「お似合いだったと思うけどなぁ」
未来ちゃんの言う通り、ふたりはお似合いで噂されていたほどだった。あのことがなければ、ふたりは今ごろ付き合っていたかもしれない。
「ないない。お似合いなのは私じゃないでしょ」
「まあ、悠理か采花のどっちかと瀬川が付き合ってるんじゃないかってみんな思ってたんじゃない?」
私の名前を出されて、思わず背筋が伸びる。周りから見たら、私たち三人の中の誰かが付き合っているように見えていたのかと、なんとも言えない気持ちになった。
「私は……」
言葉の続きが出てこない。
采花の気持ち。瀬川くんの気持ち。私の気持ち。全部が綺麗に纏まるはずがなくて、私たちは変わらない関係ではいられなかった。
未来ちゃんがサイダーを購入すると、采花はそれを見つめながら百円玉を握りしめた。
「采花?」
「あ……ちょっとトイレ行ってくるから、先に戻ってて」
采花の様子がいつもと違うのは未来ちゃんもわかっているようで、なにか言いたそうに開きかけた口を躊躇うように閉じて頷いた。
私は未来ちゃんと教室に戻るか、采花と一緒に行くか迷ったけれど、采花のことがどうしても気になって追っていく。
元来た道とは逆方向へと足を進めていった采花はトイレの前を通り過ぎて、音楽室へと入っていくのが見えた。
中に入ると電気はつけられていなかったが日差しのおかげで十分すぎるくらい明るい。けれど采花の姿が見当たらない。普段生徒たちが座っている席は空っぽで、教卓にも誰もいなかった。

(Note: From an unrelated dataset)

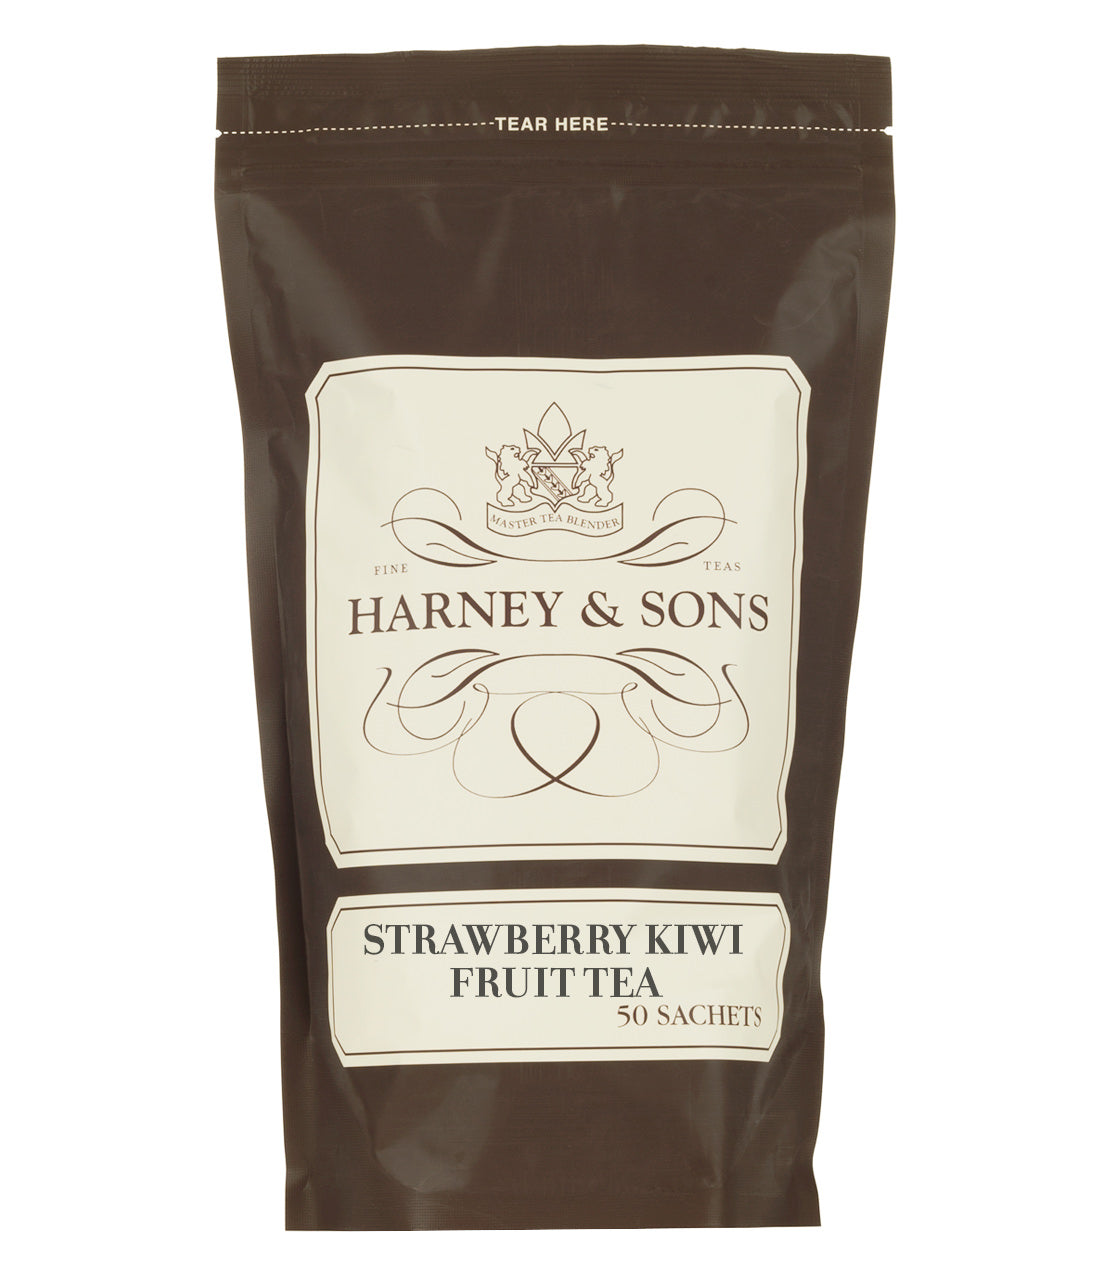 Strawberry Kiwi Fruit Tea - Sachets Bag of 50 Sachets - Harney & Sons Fine Teas
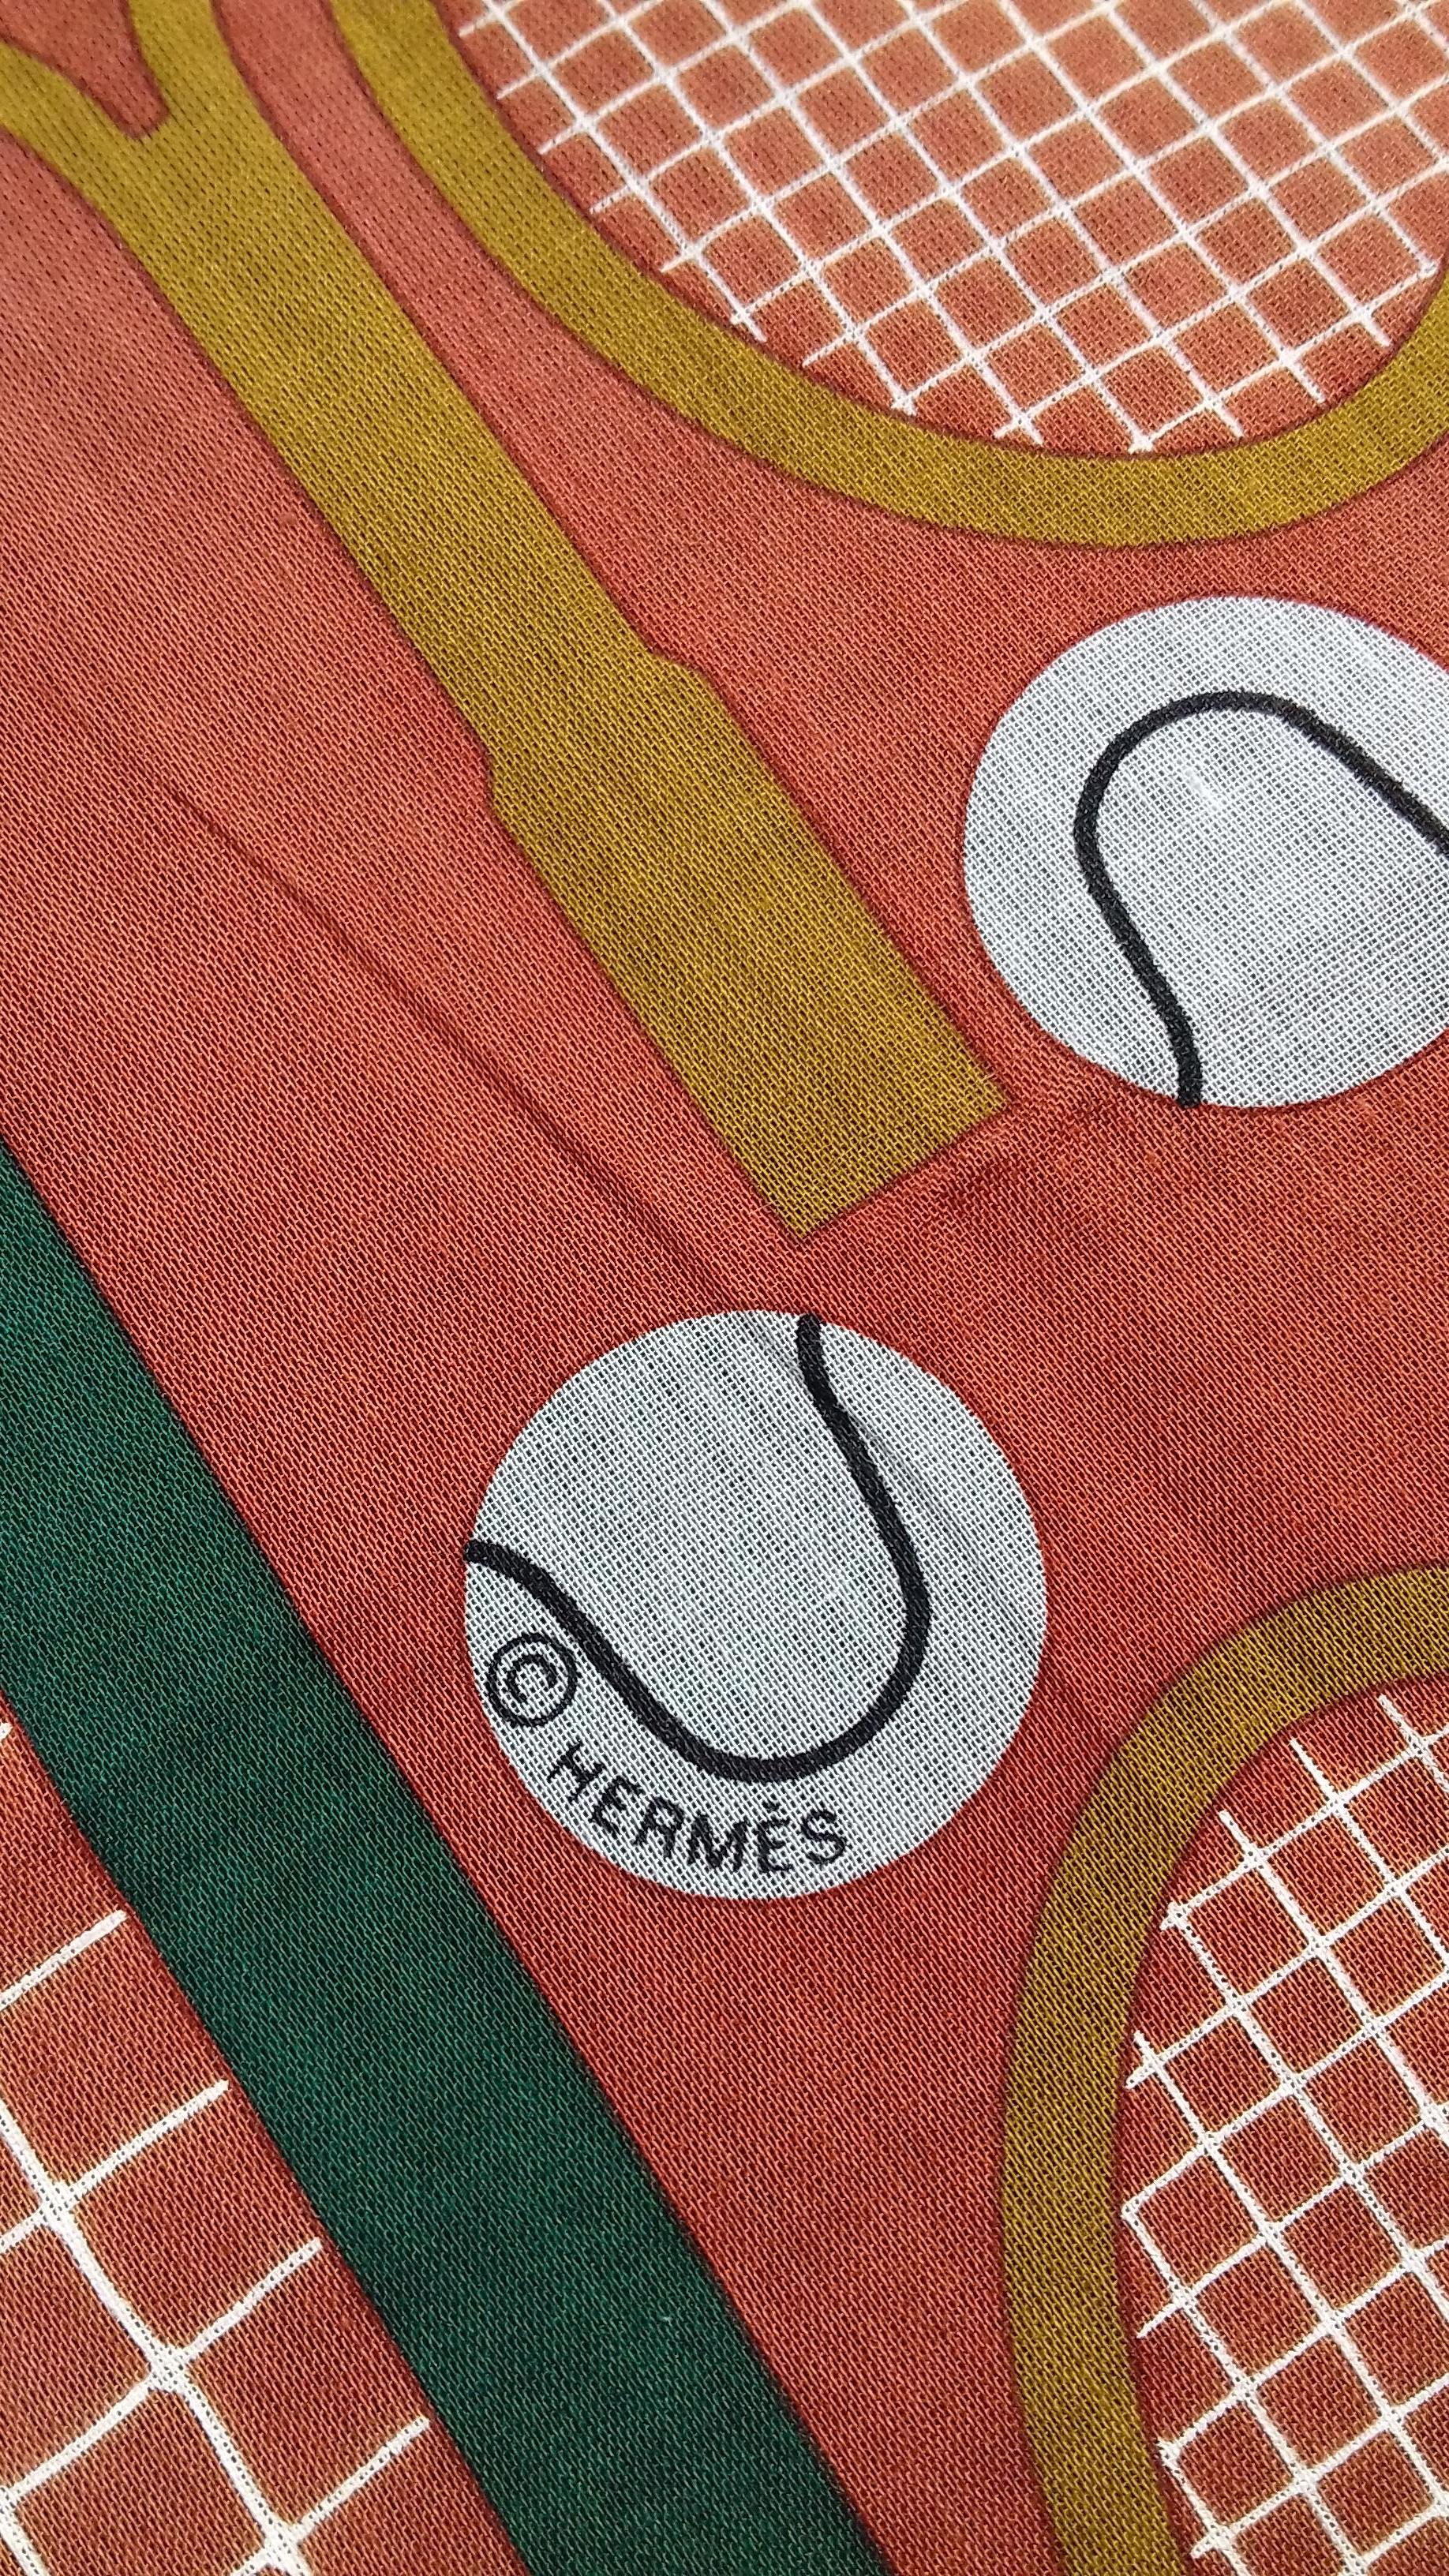 Hermès Cotton Charm Scarf Tennis Origny 75 years Lacoste Anniversary 26' RARE 2

室内をくまなく探してみると、窓際の端っこになにかを発見した。よく見ると両膝を抱えて座っている女子生徒の姿。
「……采花?」
普段の采花からは想像がつかないくらい、弱々しく肩を震わせている。
「私……どうしたらよかった?」
掠れて消えそうなくらい小さな声だった。もうすぐ一年が経つけれど、采花は未だに苦しんで悩んでいる。
なにも言うことができなくて、私は采花の隣に座ることしかできなかった。
采花が強くないことは知っている。気が強くて明るくて、よく笑う采花を悩みがなさそうなんて失礼なことを言う男子もいたけれど、落ち込むことがあるとなかなか立ち直れなくて脆い部分を持っている。
そんな采花を私は支えていたつもりだったのに、なにもできていなかった。采花の苦しみをどうしたら軽くすることができるのだろう。
自分の手を見つめながら、下唇を噛み締める。
采花のために今の私ができることはあるのだろうか。